Thunderpetal had put away his bowl and chopsticks, and helped clean up the dinner things. He found he could not yet go to sleep, so he might as well take a walk. It would help digestion, help him sleep, and allow him to start finding out about this place. He walked the streets of Stormwind. Lights were on everywhere, and people went about their business as though the Sun had never set. Did the Chiu-man need no sleep? He came to a part of the city that had been destroyed in a great fire, or explosion. Only ruins still remained of what looked like an old barracks , the roof fallen down. The enemies of the Alliance must be strong if they could wreak this kind of destruction.

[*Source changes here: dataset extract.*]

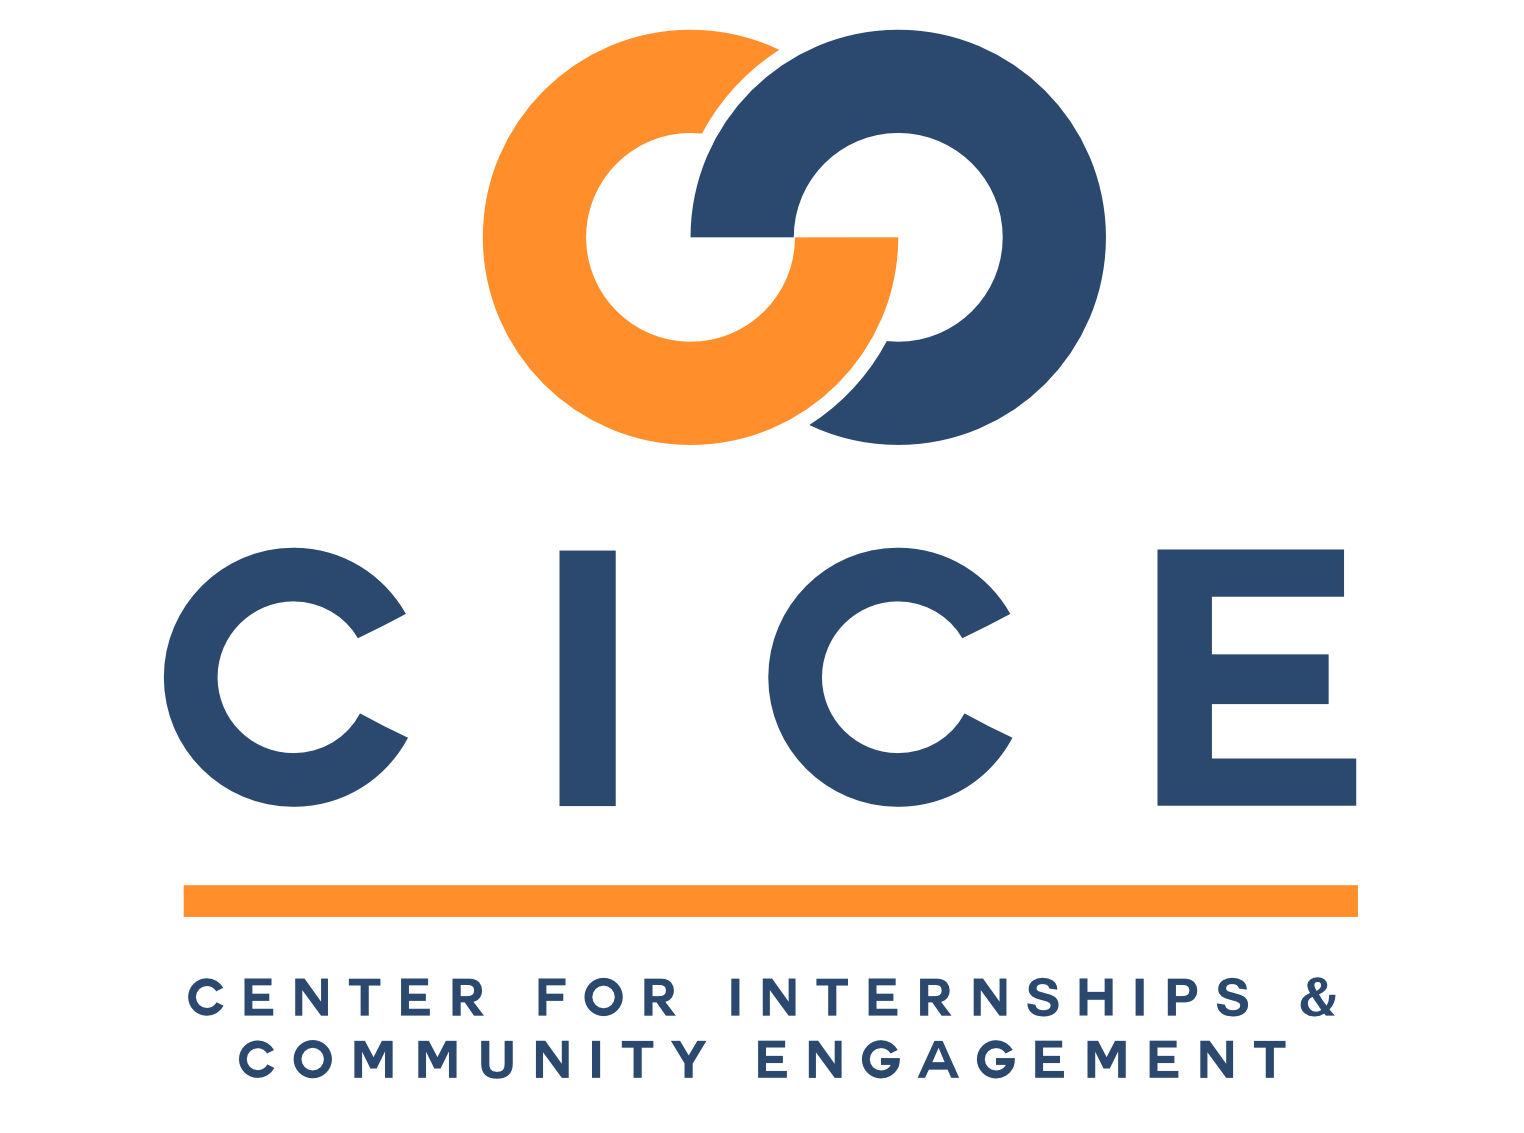 Center for Internships & Community Engagement
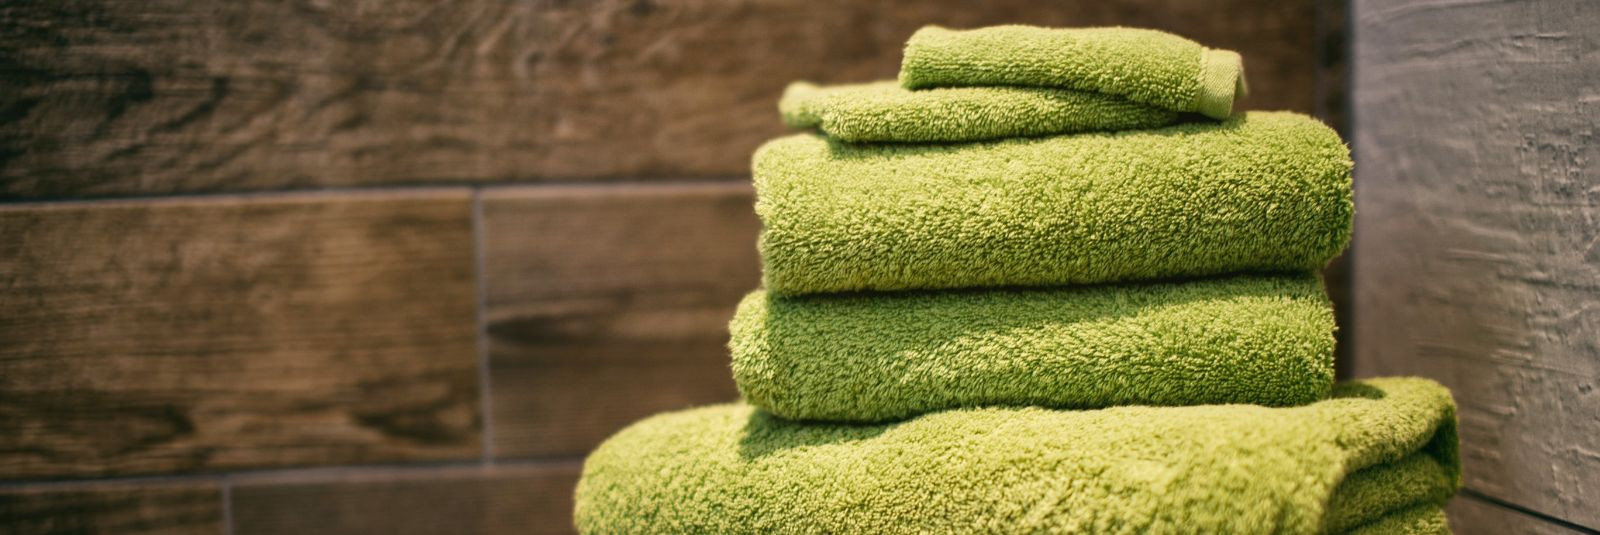 Kas olete kunagi otsinud froteerätikuid, mis pakuvad ülimat pehmust ja on valmistatud looduslikust materjalist, et hellitada teie nahka pärast vanni või duši al

As he turned round, his ears picked up a strange noise, a low moaning, as of a creature in pain. Thunderpetal pointed his ears forward, straining himself to see where the noise came from. Then, in the last light of the evening, he saw it: a lighter spot in the shadows of the old barracks. He jumped down a small hill and walked to the place where a woman of the Chiu-man lay on the ground. Her clothes were torn open, but Thunderpetal could see no wounds on her half-bare chest, nor on her legs, as far as he could see, which was about half-way up her thighs. He opened his mouth to ask if the woman was alright, but even if she could understand Pandaren, it would be a stupid question. He walked up to the woman and kneeled by her, looking at her carefully. Her face, pale and hairless, looked dirty, but unhurt. Soft painful noises came from her lips.

“Help me…”

Her eyelids fluttered, and she turned her face up to Thunderpetal. As she saw him, her eyes opened wide. Her chest rose suddenly with her breath, and she screamed loudly, pushed herself up on her arms and legs and skittered backwards, away from him. Thunderpetal frowned. How could this Chiu-man have recovered so quickly? He did not have long to think about that. There was a loud snap, a sudden pain in the back of his head, and then the lights went out.